Interest in the NLRP12 gene as a causative factor of fever arose due to the fact that individuals with undoubted syndrome FCAS did not show mutations in the NLRP3 gene. In 2008 I. Jeru et al. [23] reported three cases of NLRP12-associated disease in children. Two twin brothers who fell ill in the first month of life had episodes of fever, hearing loss, arthralgia and myalgia, while the level of CRP remained normal. They detected a mutation of p.Arg284X in exon 3 of the NLRP12 gene in the heterozygous state. In another case, in a 9 year old girl, fever arose at the age of 1 year, accompanied by abdominal pain, vomiting, lymphadenopathy and aphthous stomatitis, an increase in the level of CRP during the attack. The patient had a heterozygous mutation c.2072 + 3insT in the NLRP12 gene. Several members of the same family, especially those sensitive to cold, found the missense mutation p.D294E in the NLRP12 gene. In the carriers of this mutation, on contact with the cold, myalgia and arthralgia developed, whereas fever and exanthema were absent [24]. A mutation of p.Trp408X in the NLRP12 gene wasdetected in a family of 18 people who suffered very short attacks of fever and urticaroid-like rash of no more than 12-24 h [25]. Symptoms were stopped on their own, without the use of medication. In connection with the similarity of the clinical picture in patients with a mutation in the gene NLRP12 with that in patient with familial cold urticaria it is suggested to call this disease a family cold type II urticaria.
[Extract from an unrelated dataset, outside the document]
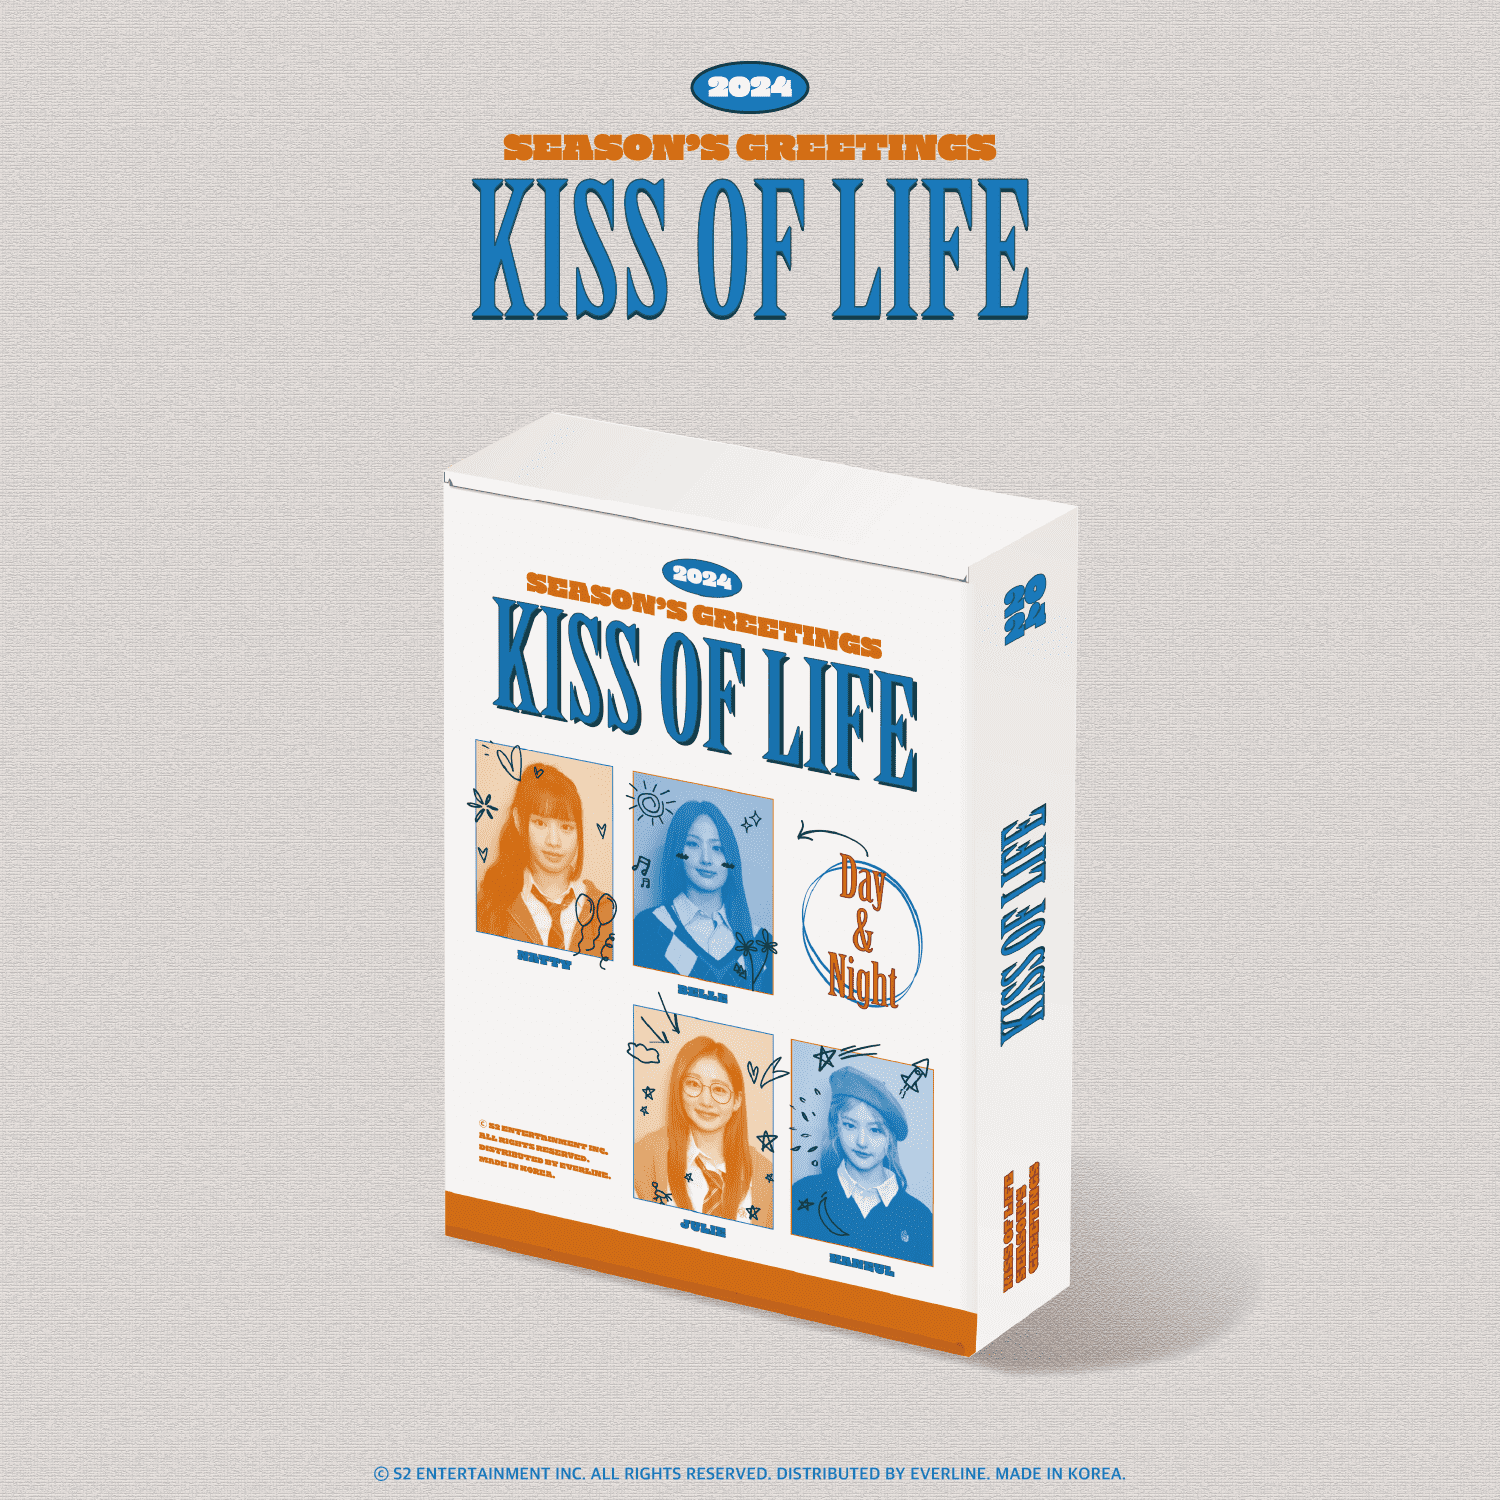 KISS OF LIFE 2024 Season's Greetings + POB Photocard

In most cases, NSAIDs and short courses of glucocorticoid therapy are effective in patients with NLPR12-associated syndrome. In the literature, I met a description of one case where a child with a family cold urticaria who did not have a mutation in the NLRP3 gene received an anakin therapy to stop seizures during the cold season. In another patient, the disease was accompanied by a delay in physical development, which was eliminated against the background of the use of the blocker IL1 kanakinumab, which indicates a significant effect of systemic inflammation on the child's body.

CONCLUSION

In some cases, NLRP12-periodic syndrome in the clinical picture resembles a family cold urticaria, in the presence of certain mutations - MWS. In other cases, it has the features of an undifferentiated autoimmune syndrome. The search for mutations in the NLRP12 gene should be performed in patients with a clinical picture of familial cold urticaria and MWS syndrome that do not have mutations in the NLRP3 gene, as well as in all other cases of non-classical AIDS flow.